Relation to Prior Work: The authors provide a very detailed related work to summarize the differences in their approach to existing zero-th order optimization based approaches. In particular, most of the prior work considers settings where the noise is deterministic or Gaussian, in which they consider a general setting by allowing for adversarial noises. Moreover, they provide explicit dependence on the bounds in terms of the strongly convex parameter alpha and the dimension d, whereas prior work just showed bounds with an unspecified constant proportional to the number of iterations. However, as the contributions are technical, highlighting the key proof difference will help clarify their result against prior work. On the counter-side, exploiting smoothness in the bandit literature (without the convexity assumption) has been studied before, e.g. "Smooth Contextual Bandits: Bridging the Parametric and Non-differentiable Regret Regimes" by Yichun Hu, Nathan Kallus, Xiaojie Mao 2019. "Nonparametric bandits with covariates". Philippe Rigollet and Assaf Zeevi, 2010 "The Multi-Armed Bandit Problem with Covariates". Vianney Perchet and Philippe Rigollet. 2013 Adding more discussion on the related work in stochastic bandits would help motivate and position this work in the broader context of stochastic multi-armed bandits (and especially by differentiating by adding the additional strong-convexity asumption which results in bounds which are not exponential in the dimension).

Reproducibility: Yes

Additional Feedback: Please note that the following comments are taken with the main paper from the main submission, and the appendix taken from the supplementary. - The discussion in line 180 is an interesting point, that the algorithm is able to obtain matching mini-max bounds of the form 1 / \sqrt{T} estimate for the maximizer under additive noise even for the case when the true minimizer of the function is unknown. - The discussion before Theorem 5.1 helped make the result more readable and interpretable, and adding a brief discussion akin to this before each result would help with the clarity of presentation. - In line 95 you express various assumptions on the kernels that are used. Can you give examples of the related \kappa_\beta parameters for the kernels you state satisfy the assumptions (e.g. the weighted legendre polynomials)? - Each of the algorithms requires tuning parameters under the assumption that \alpha, \beta, lipschitz parameter, etc are all known in advanced. Are you able to show asymptotic guarantees in the case when these values are unknown? - In line 430 it seems as though you dropped the factor from multiplying by K^2(r) which gives the \kappa term in the front. - Prior to stating Lemma A.2 it would be helpful to redefine the function \hat{f}_t - For Appendix Section C it might be helpful to summarize some of the results presented in the paper [3] that you are referring to for readers who are unfamiliar with the work.

Review 2

Summary and Contributions: This paper studies the problem of zeroth order optimization of a strongly convex function, a problem already studied by Bach and Perchet. They analyze the algorithm of Bach and Perchet under additional assumptions, namely high-order smoothness (using a Hölder-like condition to quantify the smoothness) and derive bounds on the cumulative regret and optimization error in this setting. They also prove minimax lower bounds on this problem.

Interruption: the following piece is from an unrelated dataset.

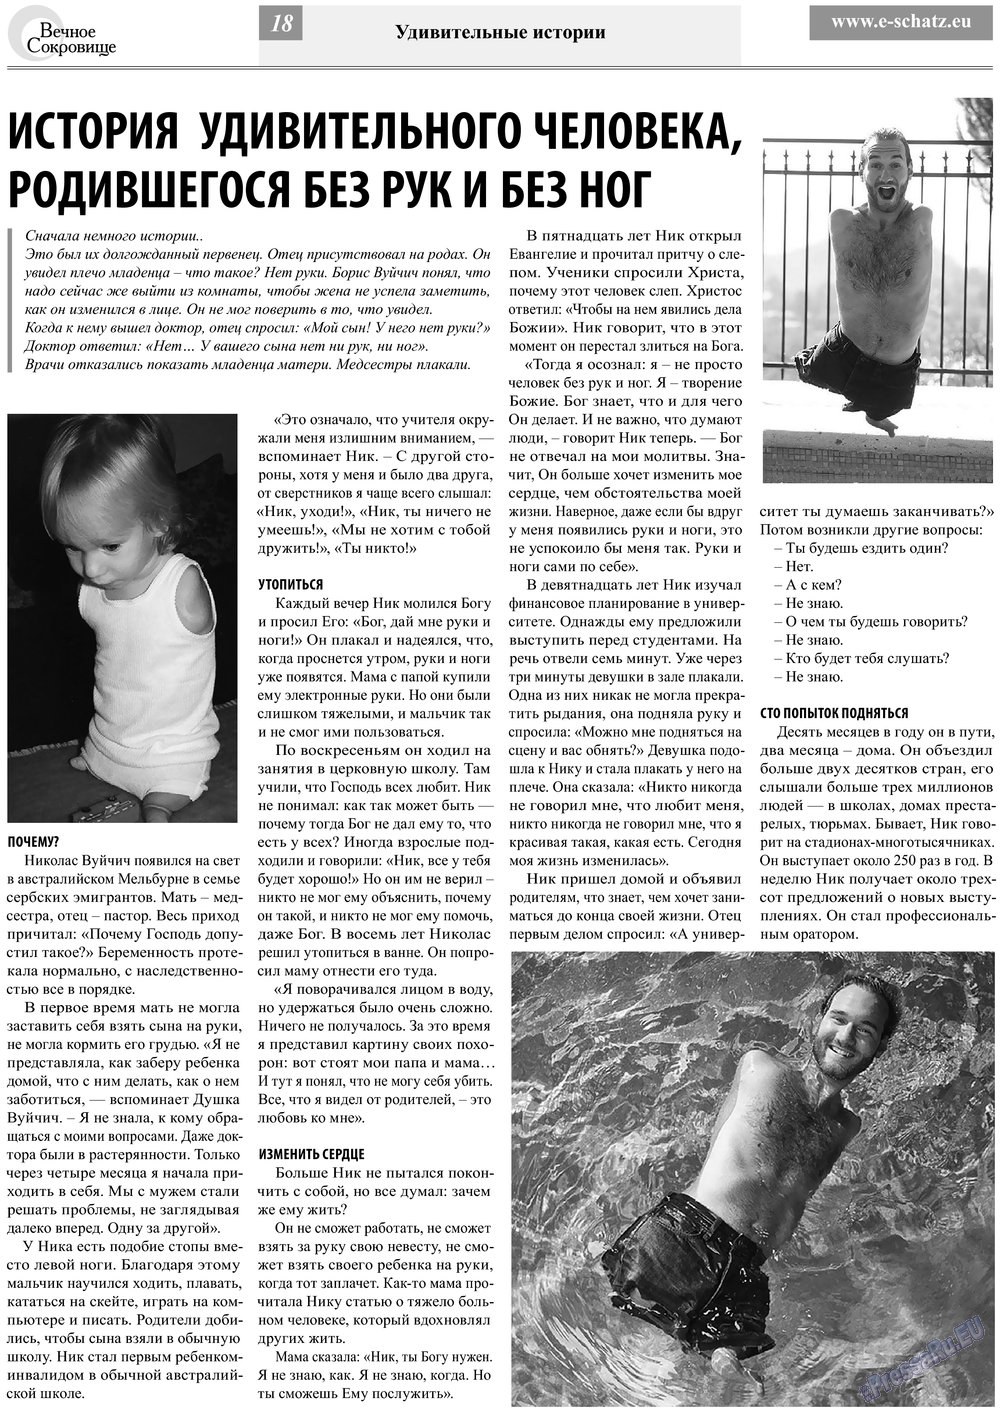 Вечное сокровище, газета. 2013 №2 стр.18

Strengths: The claims are all proved and the proofs seem technically correct. I appreciated to see that all constants are explicit in the statements of the theorems, even if this does not improve the readability of the paper. I also appreciated to see sketches of the proofs of the main theorems in the main text.

Weaknesses: I am unsure of the significance of this contribution. This paper highly builds on the previous algorithm of Bach and Perchet. The contribution of this work is the analysis of this algorithm under the high-order smoothness assumption, which does not seem especially interesting to me. On top of that, I am under the impression that the proofs are derived in the setting where all the parameters are known (strong convexity constant, smoothness parameters, sigma, etc) which does not seem realistic. I would have been interested in seeing numerical experiments. How can this algorithm be implemented in practice ? And how do you ensure that its implementation achieves the same bounds, without knowing all parameters ?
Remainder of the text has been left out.